60 The evidence of drug use was only "propensity evidence" in this sense if it might cause the jury to infer that the defendants did not have a reasonable belief that the complainants were 16 or over, that being the only live issue. In my view, there was no likelihood of such an impermissible inference being drawn. The two matters were unconnected. The fact that Mark, for example, took drugs himself and provided them to S said nothing about whether he did, or did not, reasonably believe that S was 16 or older.

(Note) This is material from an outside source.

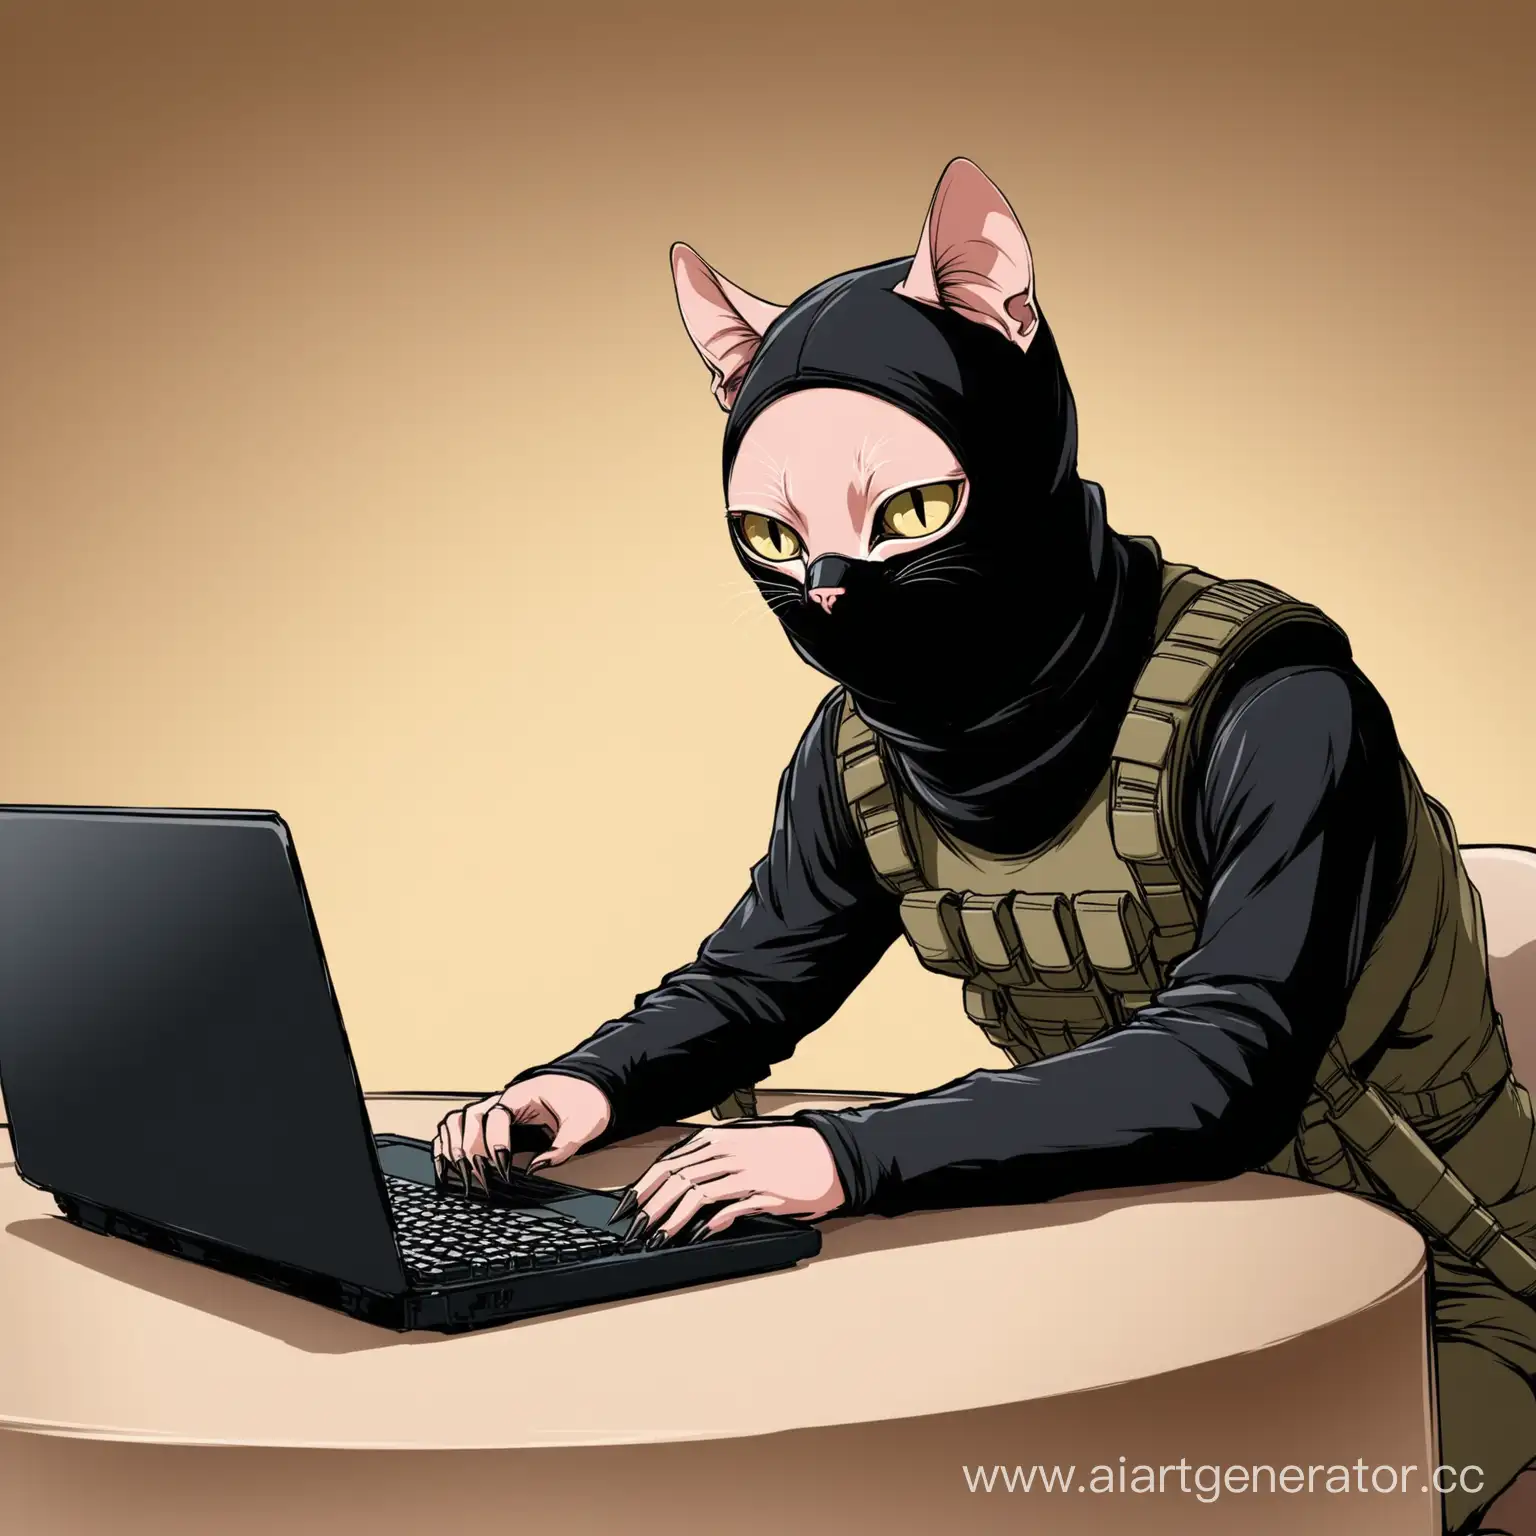 Sphinx-Cat-in-Balaclava-Engages-in-Counter-Strike-Gameplay

61 The position would be quite different in a case where a defendant denied the act of penetration, and evidence was sought to be led of other sexual contact he had had with girls of a similar age. Evidence of that kind - in that context - would almost certainly have invited impermissible reasoning, that is, it would have caused the jury to infer that, by reason of that other (uncharged) conduct, the defendant was likely to have committed the offence charged.
62 There is a further reason why s.398A(2) was inapplicable. It is that the discreditable conduct in question formed part of the res gestae. This qualification to the exclusionary rule was also pointed out by Callaway JA in Best,[17] by reference to what was said by McHugh J and Brennan J respectively in Harriman v The Queen.[18] Both the drinking of alcohol and the consumption of drugs formed "inseparable features of a transaction consisting of connected events".[19]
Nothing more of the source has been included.